══ SOURCE DATA

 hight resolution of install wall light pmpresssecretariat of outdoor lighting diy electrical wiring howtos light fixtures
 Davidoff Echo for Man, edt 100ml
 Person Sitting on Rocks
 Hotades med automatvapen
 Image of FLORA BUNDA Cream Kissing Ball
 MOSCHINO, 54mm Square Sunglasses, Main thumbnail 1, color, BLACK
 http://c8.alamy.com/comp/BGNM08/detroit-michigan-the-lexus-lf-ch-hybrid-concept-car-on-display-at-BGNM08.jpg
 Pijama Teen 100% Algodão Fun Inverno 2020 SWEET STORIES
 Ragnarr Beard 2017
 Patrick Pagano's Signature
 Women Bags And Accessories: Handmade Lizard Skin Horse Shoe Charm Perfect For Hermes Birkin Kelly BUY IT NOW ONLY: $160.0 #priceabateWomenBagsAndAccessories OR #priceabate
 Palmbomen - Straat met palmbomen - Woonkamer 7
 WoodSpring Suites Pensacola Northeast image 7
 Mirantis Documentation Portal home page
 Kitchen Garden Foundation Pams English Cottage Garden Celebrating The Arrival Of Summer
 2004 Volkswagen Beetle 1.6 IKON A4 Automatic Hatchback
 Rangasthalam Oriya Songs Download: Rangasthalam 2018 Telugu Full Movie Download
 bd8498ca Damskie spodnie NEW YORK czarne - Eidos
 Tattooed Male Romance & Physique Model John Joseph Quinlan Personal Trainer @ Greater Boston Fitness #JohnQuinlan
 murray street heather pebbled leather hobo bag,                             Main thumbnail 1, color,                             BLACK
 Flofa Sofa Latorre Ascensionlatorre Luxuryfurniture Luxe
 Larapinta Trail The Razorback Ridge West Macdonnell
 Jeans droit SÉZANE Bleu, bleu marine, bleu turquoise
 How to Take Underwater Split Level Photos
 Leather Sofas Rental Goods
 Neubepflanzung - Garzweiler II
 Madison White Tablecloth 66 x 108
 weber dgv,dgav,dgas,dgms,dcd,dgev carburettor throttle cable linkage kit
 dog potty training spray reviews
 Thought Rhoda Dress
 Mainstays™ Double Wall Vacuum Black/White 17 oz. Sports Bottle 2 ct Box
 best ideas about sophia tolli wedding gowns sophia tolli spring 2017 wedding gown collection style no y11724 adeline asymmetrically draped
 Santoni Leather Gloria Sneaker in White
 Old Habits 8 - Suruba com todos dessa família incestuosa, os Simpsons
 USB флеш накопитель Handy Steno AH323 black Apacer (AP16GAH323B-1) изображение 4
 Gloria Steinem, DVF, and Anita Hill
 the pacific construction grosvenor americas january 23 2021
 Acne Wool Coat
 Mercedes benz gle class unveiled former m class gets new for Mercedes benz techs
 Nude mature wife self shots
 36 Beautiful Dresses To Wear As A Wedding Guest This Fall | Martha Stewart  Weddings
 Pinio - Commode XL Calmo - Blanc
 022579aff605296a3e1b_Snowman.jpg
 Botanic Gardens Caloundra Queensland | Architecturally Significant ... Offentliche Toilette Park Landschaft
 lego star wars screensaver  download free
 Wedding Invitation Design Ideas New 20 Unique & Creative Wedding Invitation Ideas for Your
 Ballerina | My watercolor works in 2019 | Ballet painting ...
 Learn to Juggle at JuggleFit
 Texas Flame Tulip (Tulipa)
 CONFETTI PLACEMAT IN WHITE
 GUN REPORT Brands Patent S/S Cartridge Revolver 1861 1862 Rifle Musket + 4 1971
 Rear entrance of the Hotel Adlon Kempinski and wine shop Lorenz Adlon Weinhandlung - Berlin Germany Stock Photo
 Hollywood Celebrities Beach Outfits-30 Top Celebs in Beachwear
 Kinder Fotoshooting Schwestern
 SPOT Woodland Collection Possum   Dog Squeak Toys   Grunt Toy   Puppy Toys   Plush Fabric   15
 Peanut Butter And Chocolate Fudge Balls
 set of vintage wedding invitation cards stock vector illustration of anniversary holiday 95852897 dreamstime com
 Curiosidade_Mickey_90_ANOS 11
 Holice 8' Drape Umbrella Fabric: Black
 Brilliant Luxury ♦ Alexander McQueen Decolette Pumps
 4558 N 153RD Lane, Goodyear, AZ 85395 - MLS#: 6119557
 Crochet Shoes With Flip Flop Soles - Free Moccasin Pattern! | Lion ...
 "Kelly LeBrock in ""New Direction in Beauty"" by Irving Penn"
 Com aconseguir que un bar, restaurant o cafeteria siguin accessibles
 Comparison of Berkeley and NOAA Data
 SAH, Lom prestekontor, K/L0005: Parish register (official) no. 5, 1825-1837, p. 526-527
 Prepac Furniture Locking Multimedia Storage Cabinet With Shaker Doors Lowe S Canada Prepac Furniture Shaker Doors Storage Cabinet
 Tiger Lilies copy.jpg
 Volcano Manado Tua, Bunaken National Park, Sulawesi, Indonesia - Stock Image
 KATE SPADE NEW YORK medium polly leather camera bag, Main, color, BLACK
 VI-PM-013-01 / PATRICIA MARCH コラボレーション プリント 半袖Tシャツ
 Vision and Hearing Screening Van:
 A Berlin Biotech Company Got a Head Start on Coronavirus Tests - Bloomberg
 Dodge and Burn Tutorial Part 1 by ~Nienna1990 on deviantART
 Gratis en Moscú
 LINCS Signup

════

WORK ITEM:
Go line by line through the data, copying each one that contains the word "With".

RESULT:
 Crochet Shoes With Flip Flop Soles - Free Moccasin Pattern! | Lion ...
 Prepac Furniture Locking Multimedia Storage Cabinet With Shaker Doors Lowe S Canada Prepac Furniture Shaker Doors Storage Cabinet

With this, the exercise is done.